Riddle of the folds
“Folded” 3 D proteins may hold the secret of how
human DNA works
 “Fold assignment”
may sound like a domestic chore (“You fold the sheets, I’ll get the towels”),
but to molecular biologist David Eisenberg, it signifies a frontier of
molecular medicine. It is a tool by which scientists can speed up the painstakingly
slow process of learning what all 80,000 proteins in the human body look
like -- a step toward developing knowledge that can be used to devise treatments
for the most stubborn diseases.
Eisenberg, director of the UCLA DOE Laboratory of Structural Biology
and Molecular Medicine at the UCLA Molecular Biology Institute, explains
that it’s not enough to know the DNA sequence — the genetic blueprint —
of a protein. That task, which has been taken up with great success by
the nationwide Human Genome Project, answers only part of the riddle of
how proteins, the engines that run our body’s cells, work.
“The Human Genome Project is fundamental research of titanic proportions,”

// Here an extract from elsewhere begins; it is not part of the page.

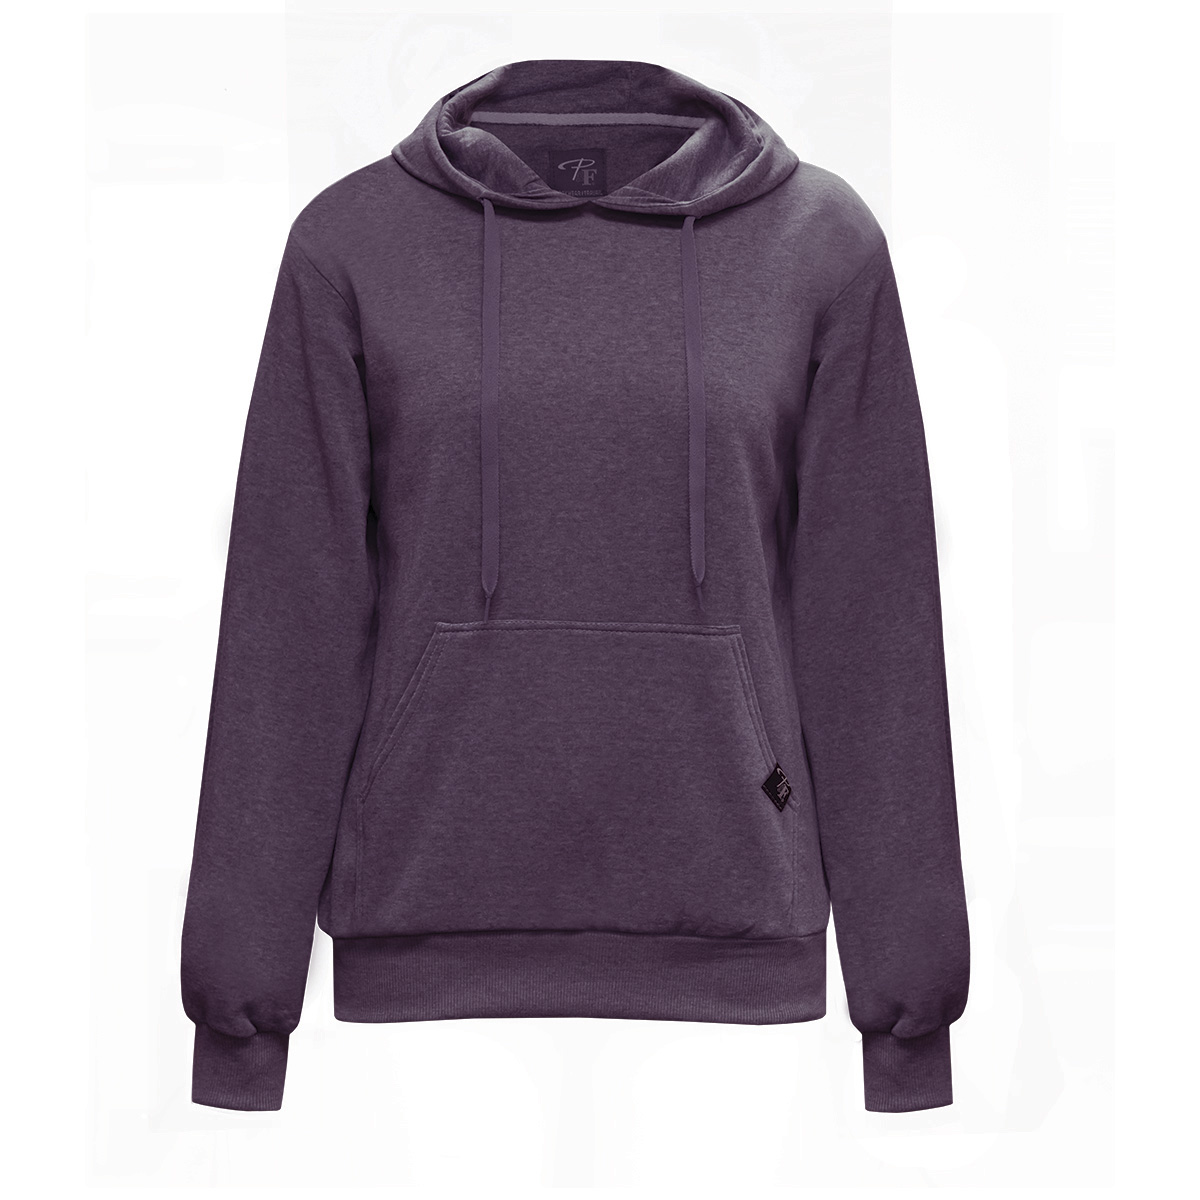 chandail-coton-ouaté-a-capuchon-couleur-prune-hoodie-sweatshirt-purple-color-PF466-18-vue-face-font-view

says Eisenberg. “But the next necessary stage is learning the three dimensional
structure of proteins.”
That’s where folds come in. The Genome Project, which should complete
its task of unraveling human DNA by the year 2002, provides a linear picture
of the amino acid molecules that form proteins. In order to function, however,
proteins must “fold” into complicated 3D structures. “Here, it’s just a
string of letters,” says Eisenberg, pointing to the alphabet soup that
makes up the genetic code. “Here,” he points to a 3D model, “we show how
it works.”
Molecular biologists know how to make proteins fold: Just put them in
water. (They also know how to make them unfold.) And they have discovered
how to photograph protein’s structure — through X ray crystallography,
which Eisenberg has been doing at UCLA since he came here in 1969. Using
several $.5 million machines in a lab generously funded by the Department
of Energy and the National Institutes of Health, he and his colleagues
shine X rays from a multitude of angles at a tiny (about 1/100th of an
inch in diameter) protein crystal. The crystal diffracts the rays and leaves
black spots of various densities on electronic film, which is read by a
laser and downloaded into a computer for analysis.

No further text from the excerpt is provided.